> [Action item]
A faithful transcript of all the lines below, with no pictures, is the goal here.

> [Supplied material]
-------
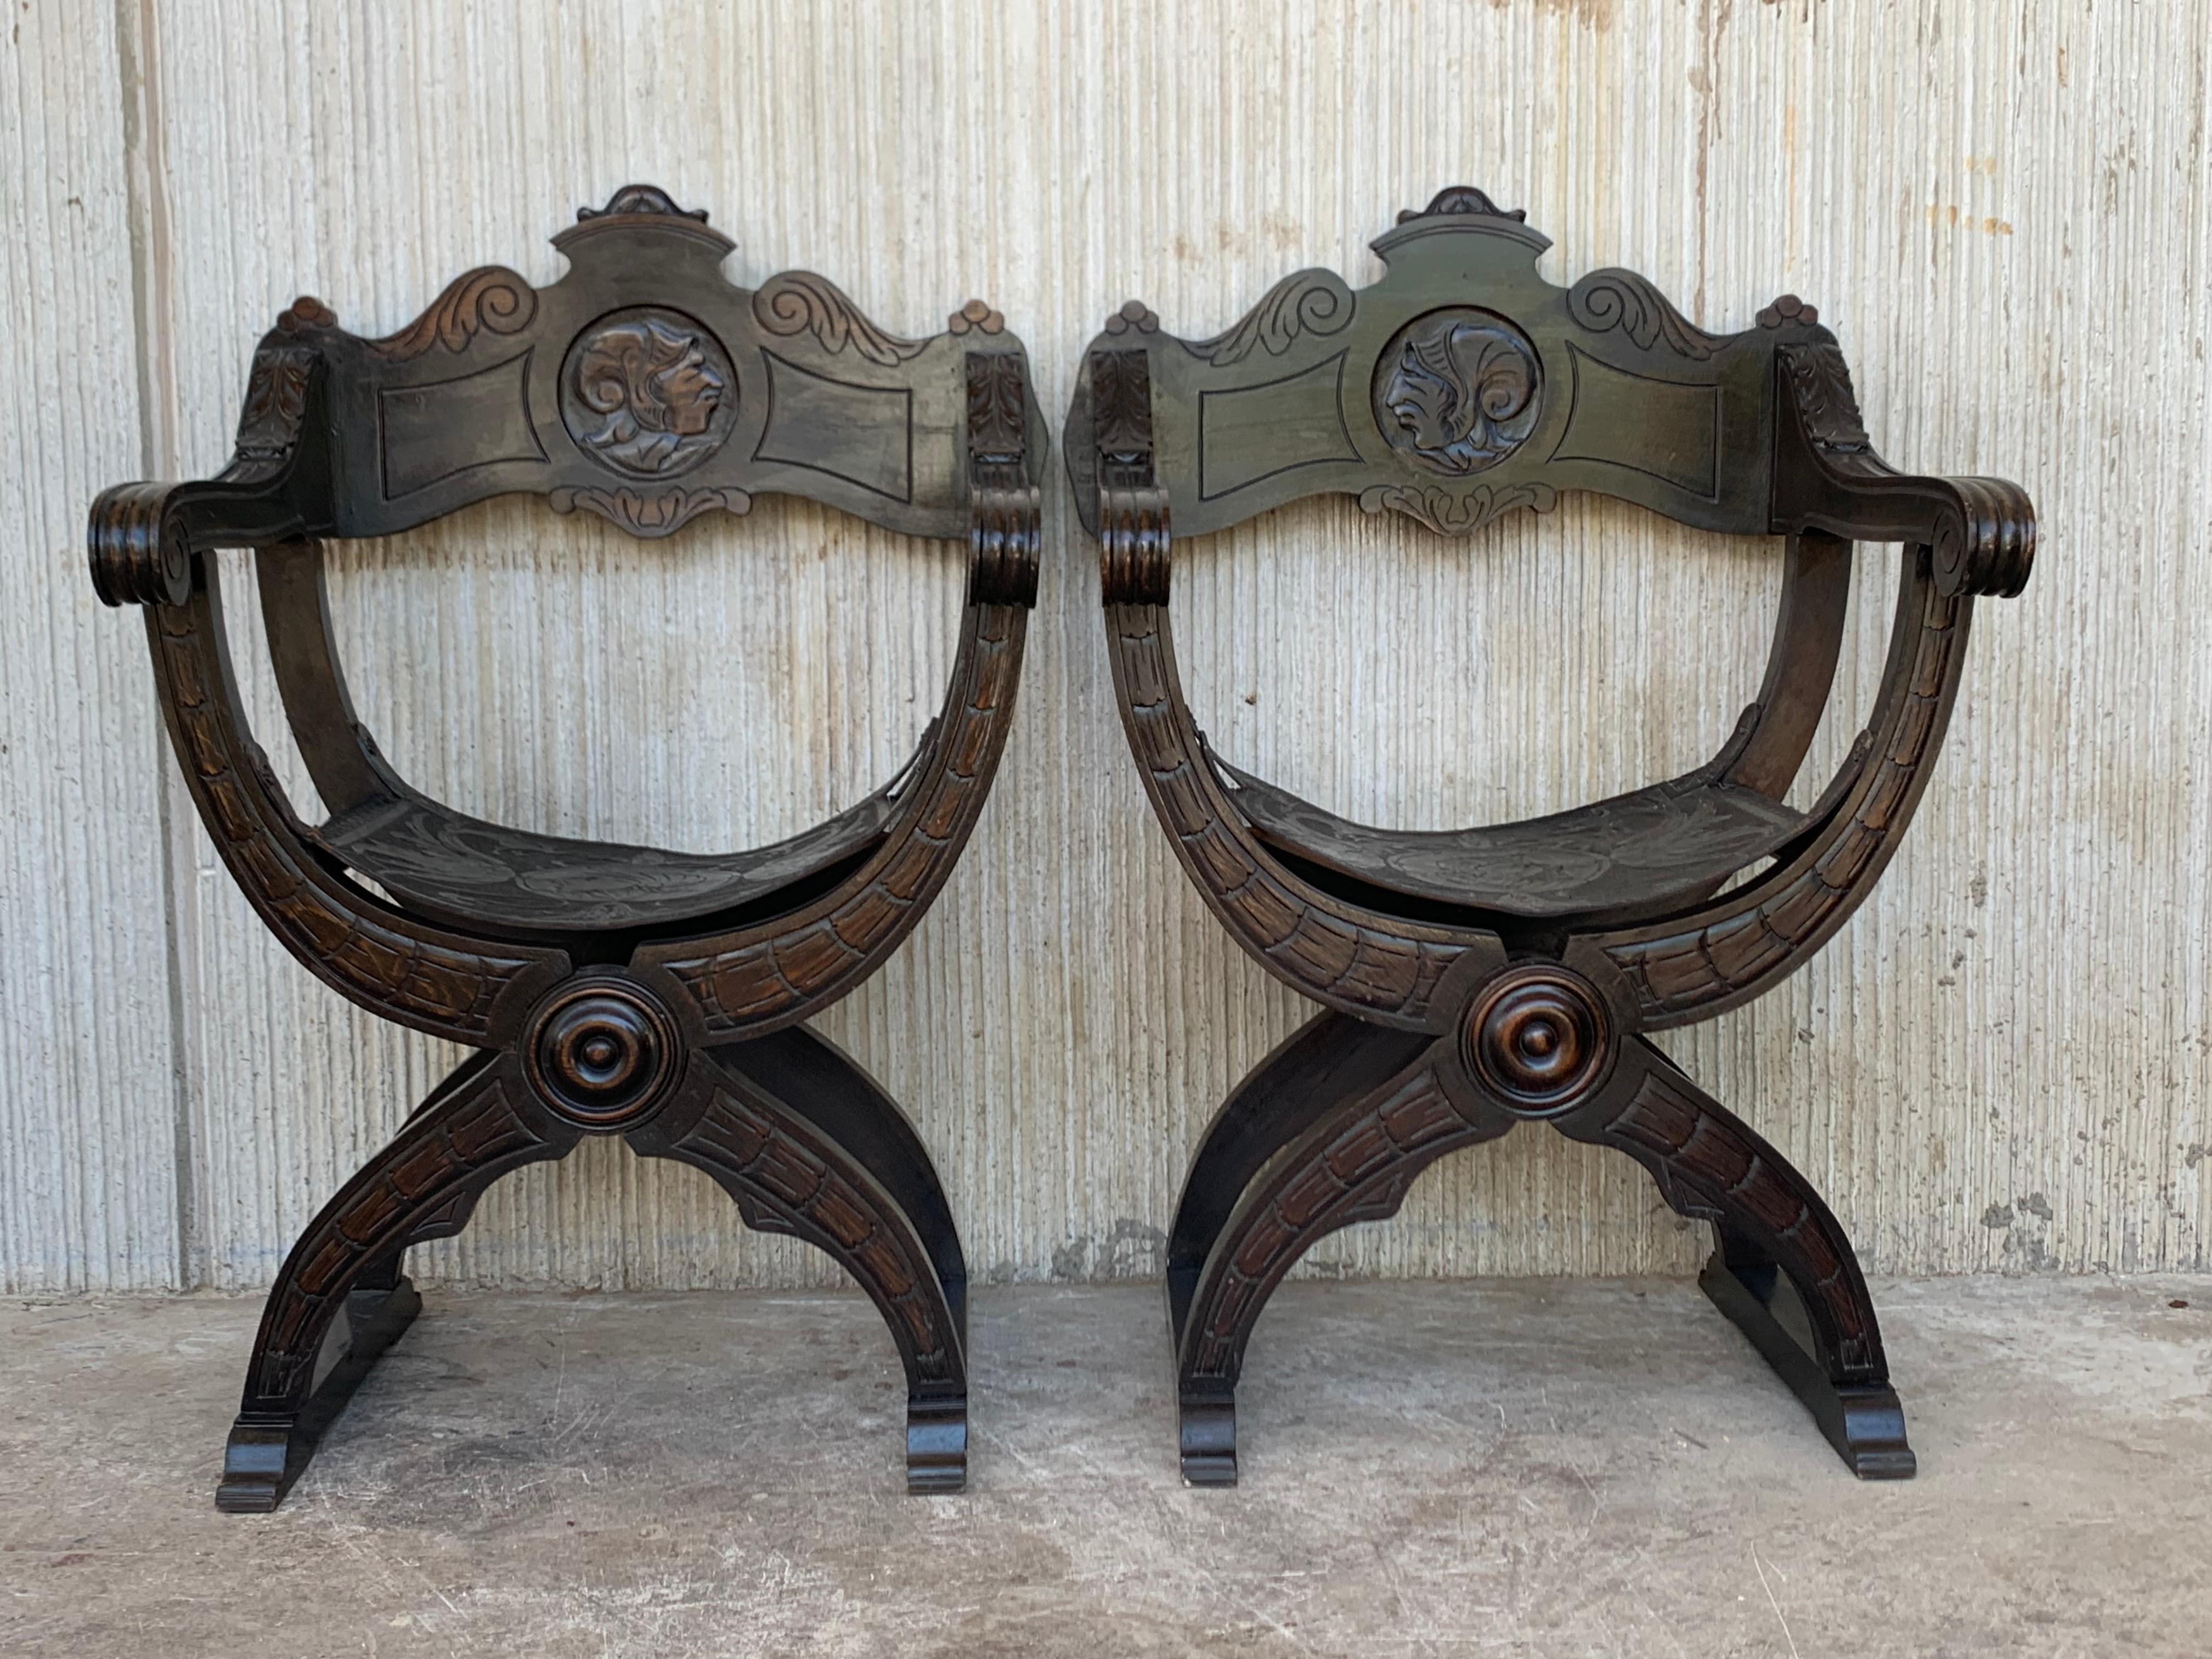 19th century Italian hand carved walnut Savonarolas chairs, circa 1880. Having wonderfully carved frame with scrolling arms, aged black tooled leather seat and back, accented with brass rosettes and exhibiting a lovely patina. In perfect
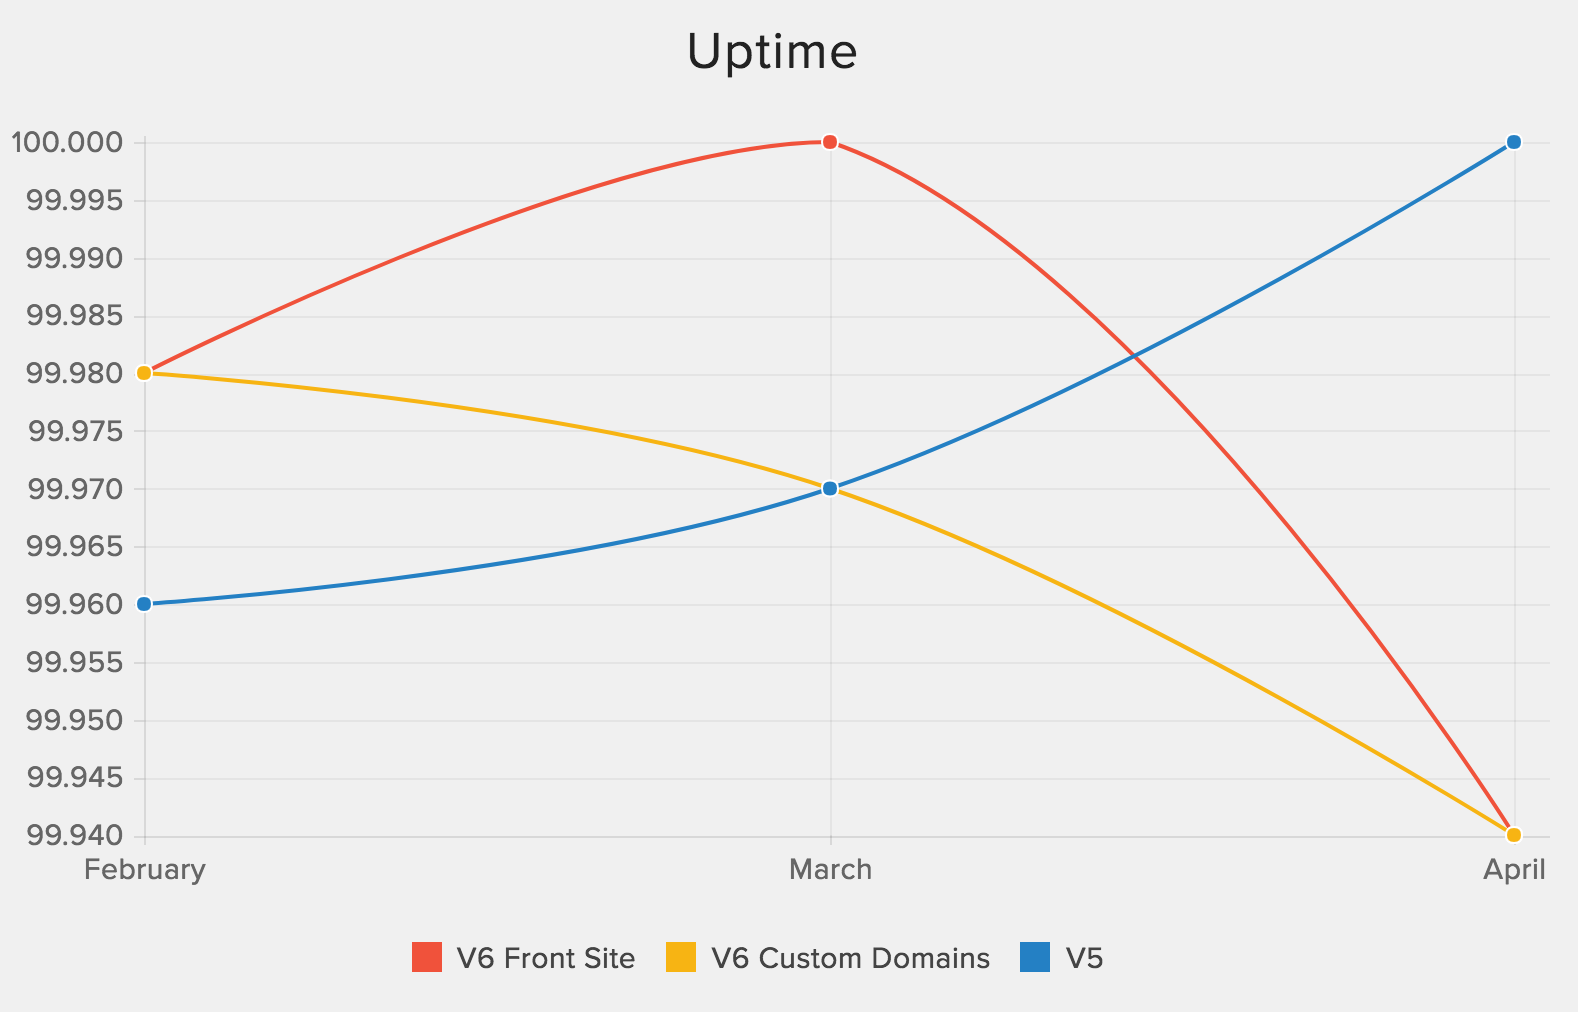 Monthly uptime metrics included in the Operational Excellence report 
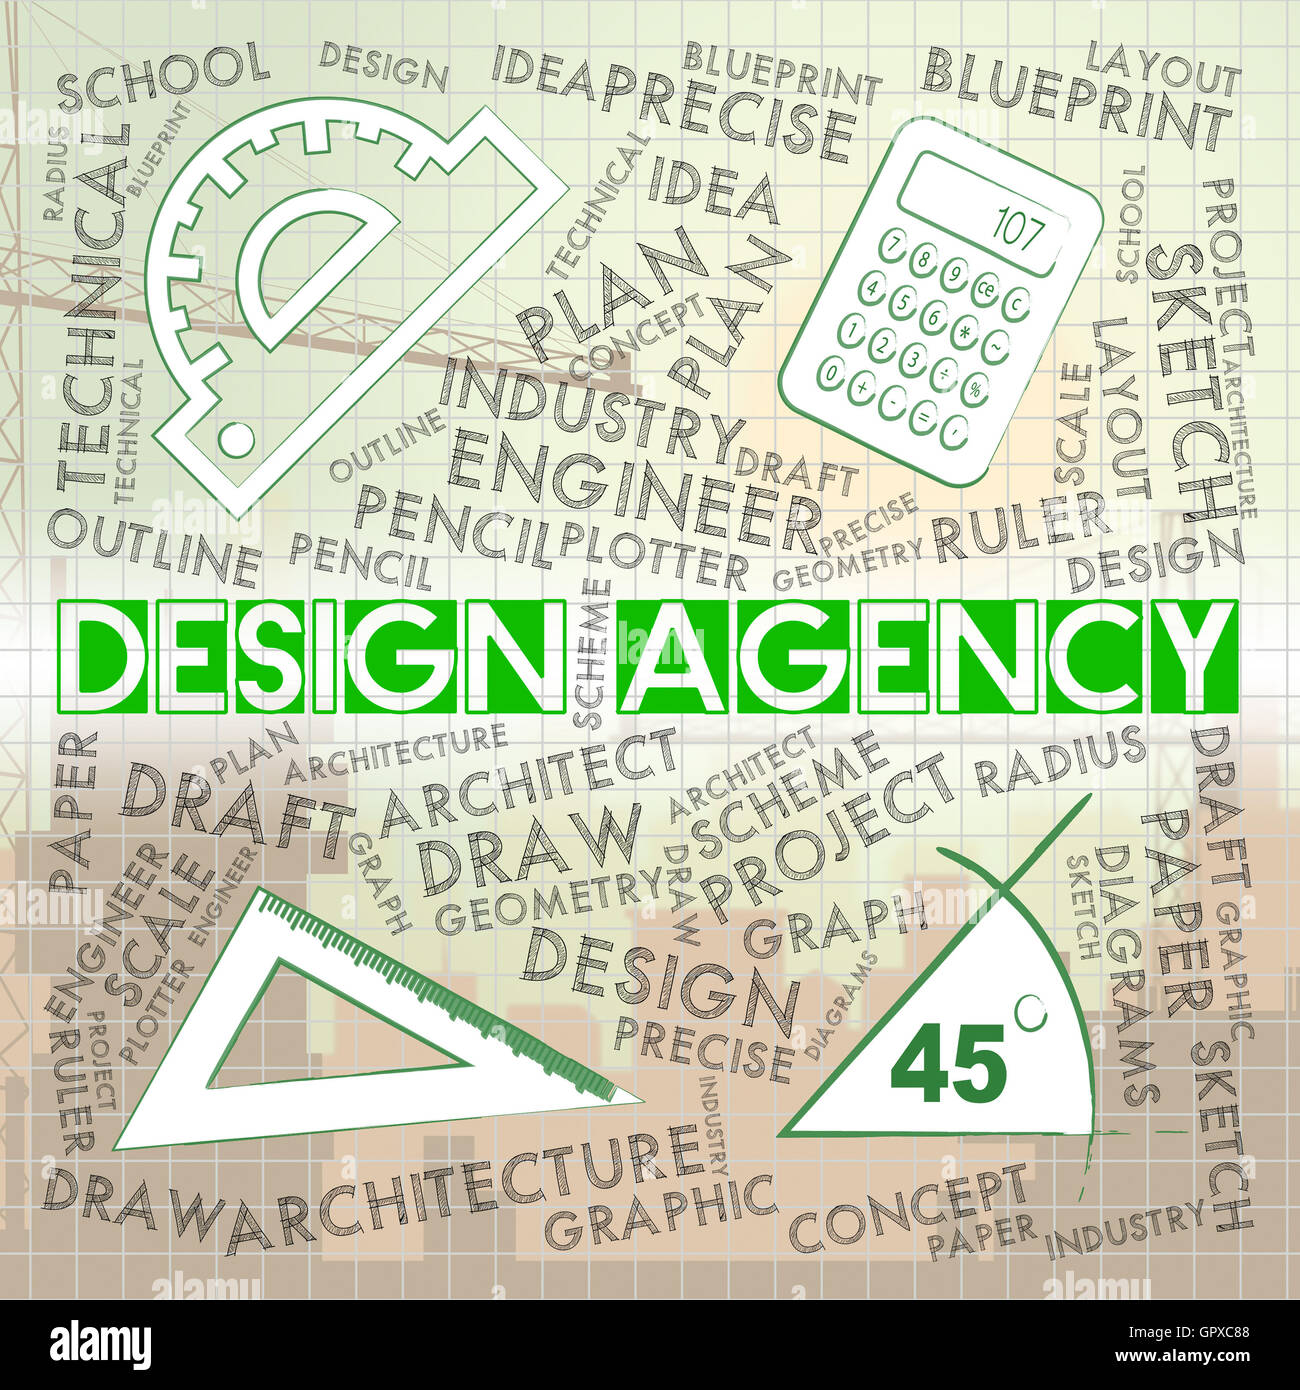 Design Agency Showing Graphic Office And Agent Stock Photo
-------
> [Your response]
 19th century Italian hand carved walnut Savonarolas chairs, circa 1880. Having wonderfully carved frame with scrolling arms, aged black tooled leather seat and back, accented with brass rosettes and exhibiting a lovely patina. In perfect
 Monthly uptime metrics included in the Operational Excellence report 
 Design Agency Showing Graphic Office And Agent Stock Photo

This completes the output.